» **TASK**
Copy the lines below exactly, starting at the one with "The duchess and" and ending at the one with "Mutton Sleeve Stretch Lace Top STUDIOUS", and leave out any picture.

» **DATA FOR THIS TASK**
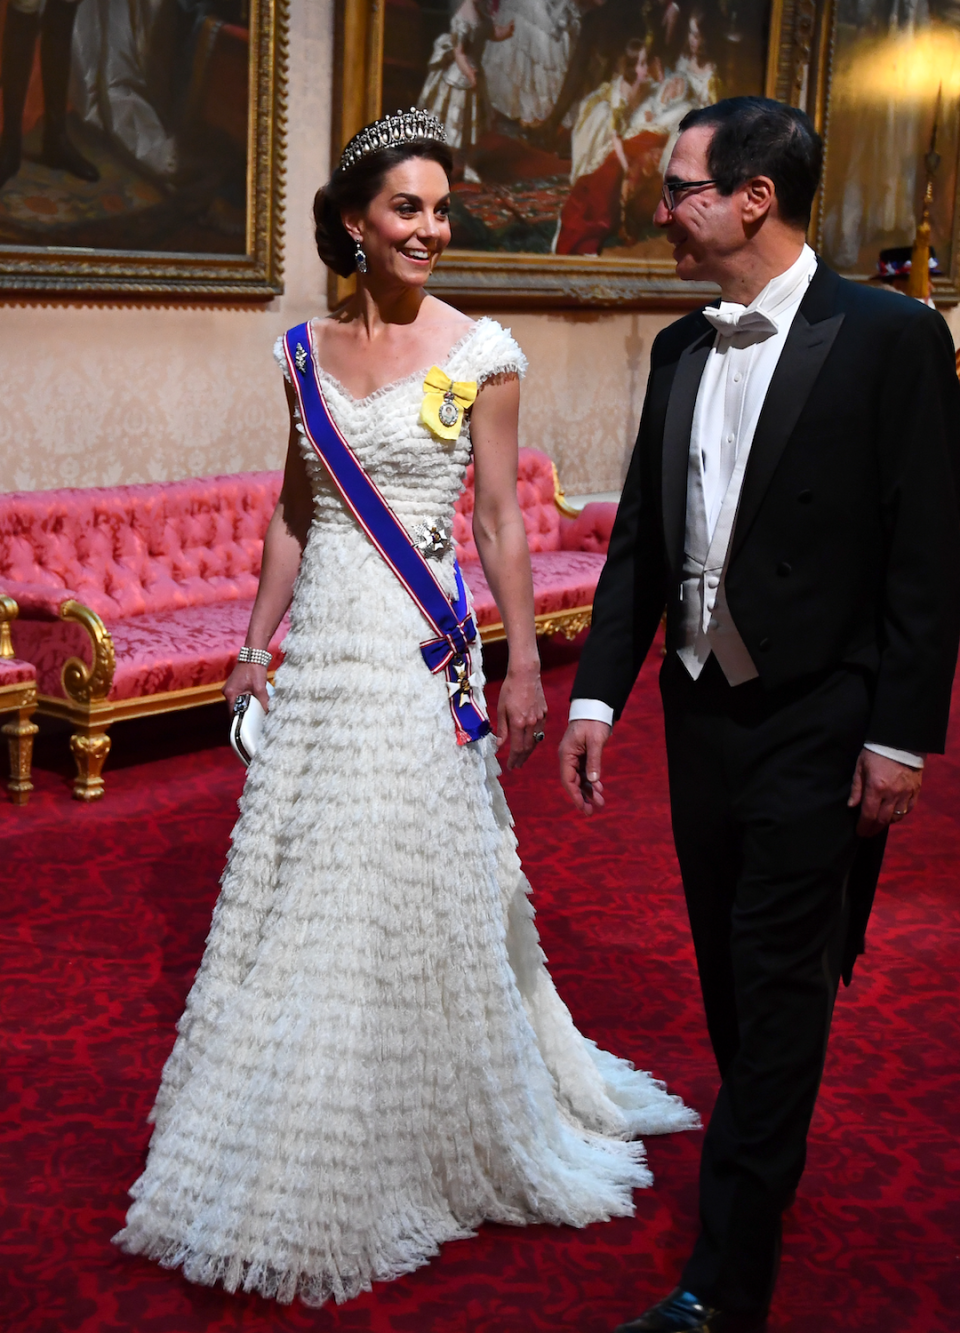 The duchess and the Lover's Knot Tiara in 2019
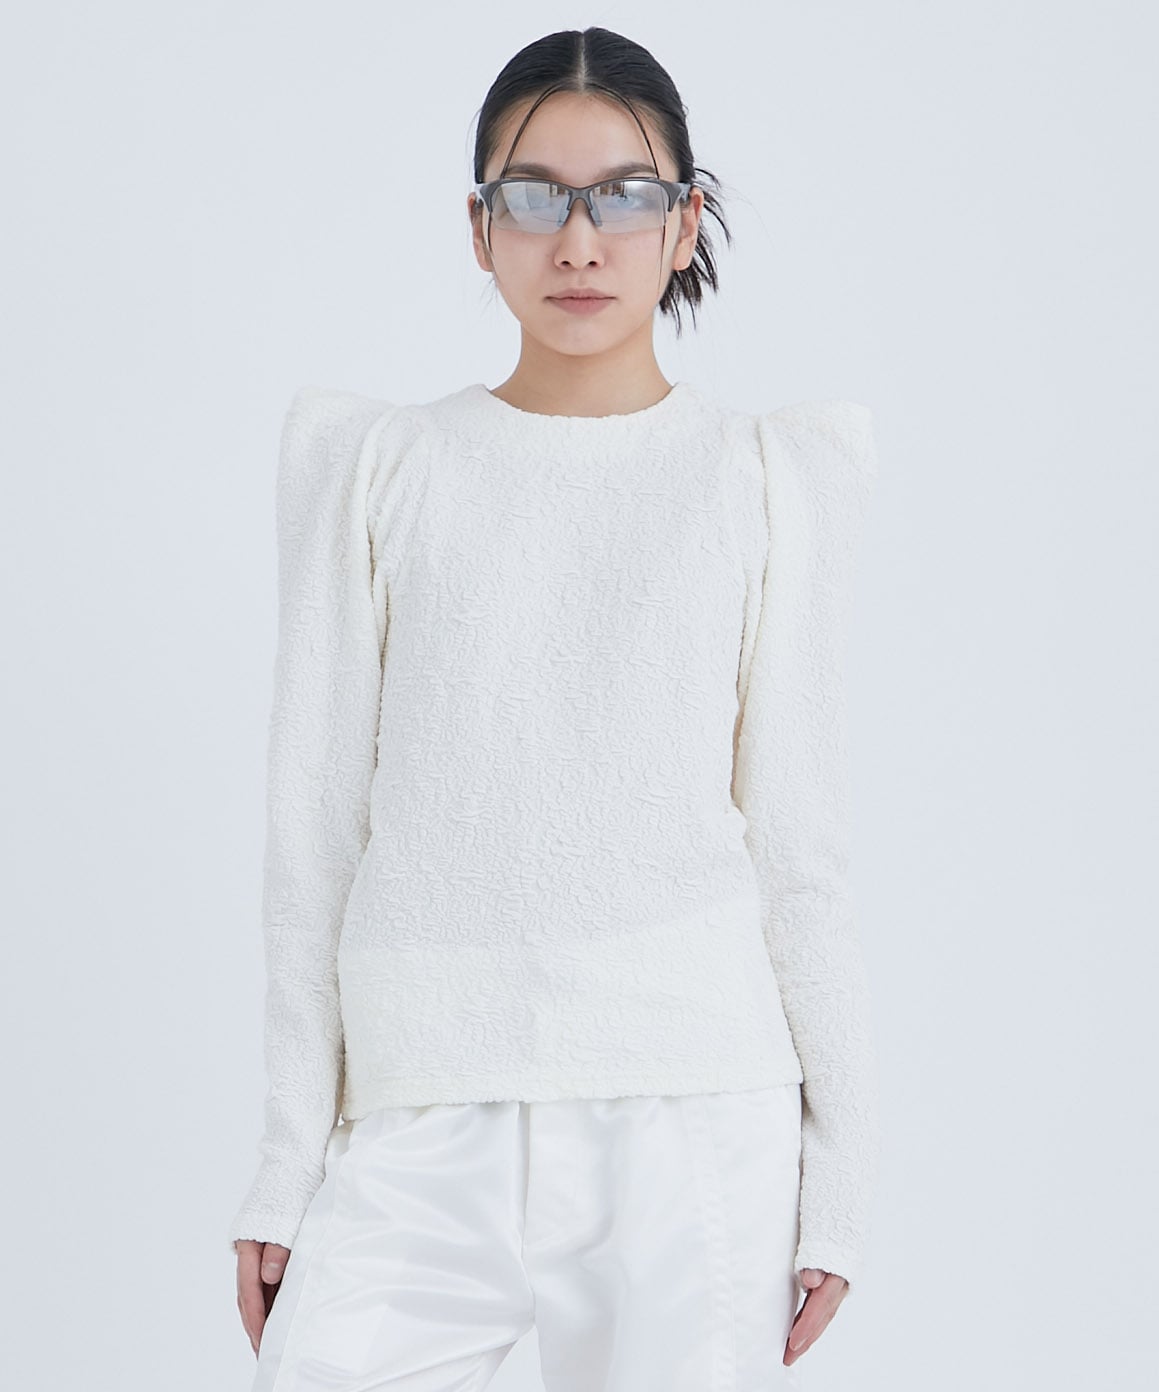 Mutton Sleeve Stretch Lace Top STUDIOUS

--

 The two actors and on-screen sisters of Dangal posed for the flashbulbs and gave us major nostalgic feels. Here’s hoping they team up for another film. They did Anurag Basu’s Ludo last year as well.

» **EXPECTED ANSWER**
 The duchess and the Lover's Knot Tiara in 2019
 Mutton Sleeve Stretch Lace Top STUDIOUS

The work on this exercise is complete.